Puede afirmarse entonces que el contexto global de cambio y disputa geopolítica actual abre para el Mercosur posibles oportunidades, pero también constricciones. La pandemia global de covid-19 aceleró las transformaciones de la economía capitalista, que ahora cuestiona o condiciona el libre comercio entre bloques y la inserción de los países en cadenas globales de valor. América Latina tiene dificultades para desarrollar políticas de cooperación y de complementación para acompasar el conjunto de transformaciones tecnológicas que definirá la economía internacional en los próximos años. Una inserción comercial unilateral, espíritu de la propuesta reformista de la flexibilización del bloque, en un escenario de comercio internacional restringido, no parece ser la mejor de las apuestas para atraer nuevos socios comerciales y ampliar los mercados de destino de nuestros productos de exportación.

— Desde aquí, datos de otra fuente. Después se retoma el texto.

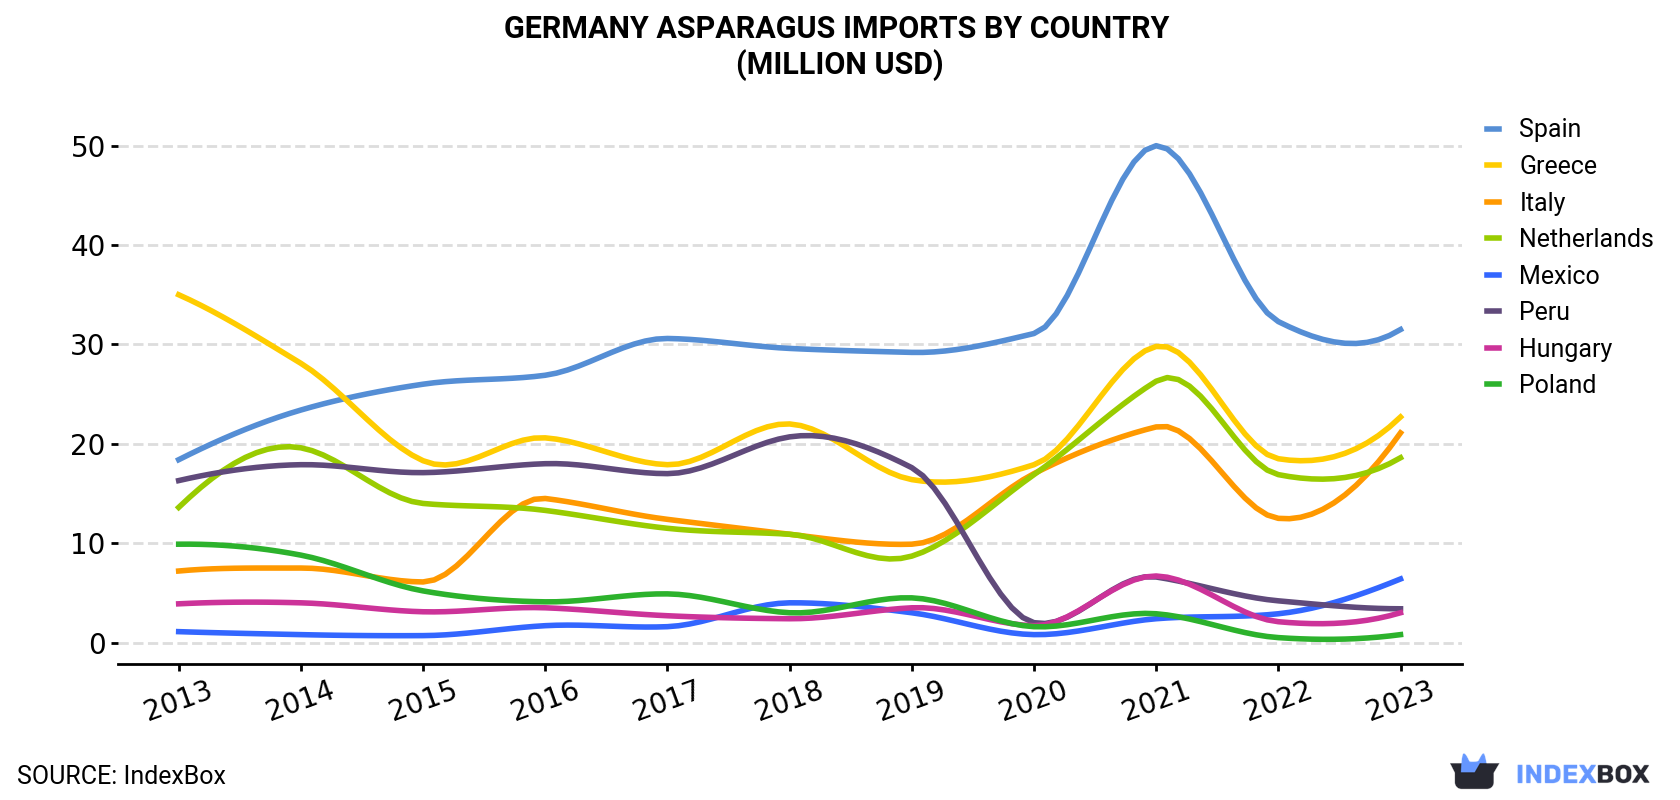 Germany Asparagus Imports By Country (Million USD)
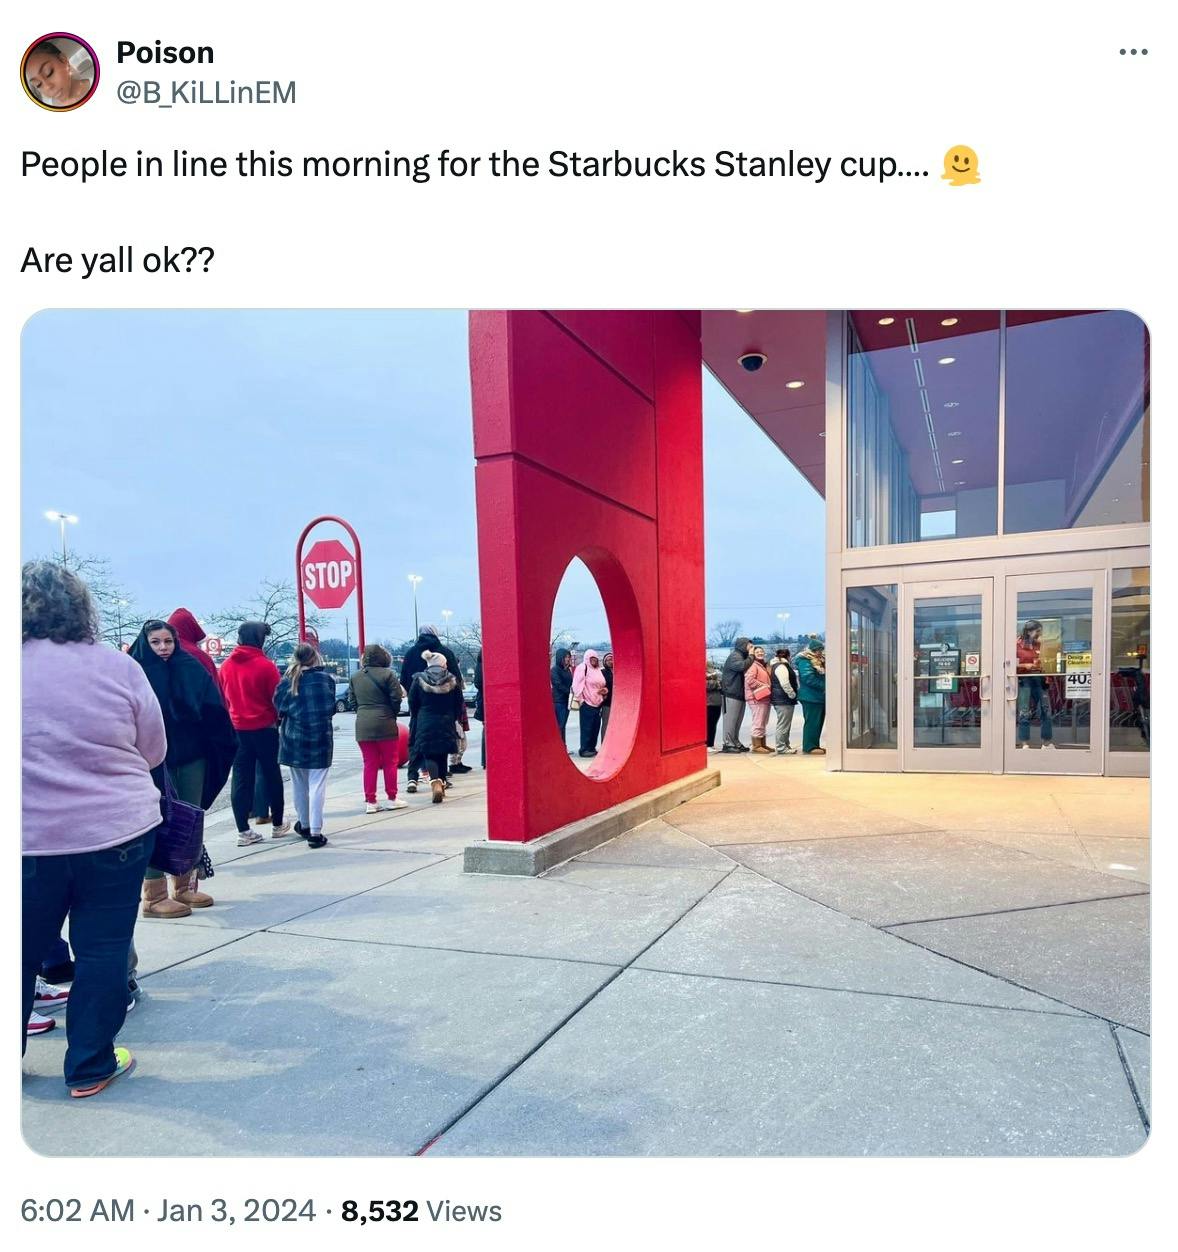 Stanley cup memes: a tweet showing a long line at Target

Tampoco solucionará la falta de inversión en materia de conocimiento y desarrollo necesaria para agregar valor a la oferta exportadora, generar mayores divisas y empleos de calidad. Apostar a la región y a la profundización del Mercosur requiere una revalorización del proyecto de integración como la mejor estrategia para enfrentar los complejos desafíos globales y un nuevo consenso político que, en vez de distorsionar, apueste a conciliar intereses nacionales a favor de un proyecto regional sustentable.

Damián Rodríguez es docente e investigador del Programa de Estudios Internacionales de la Universidad de la República.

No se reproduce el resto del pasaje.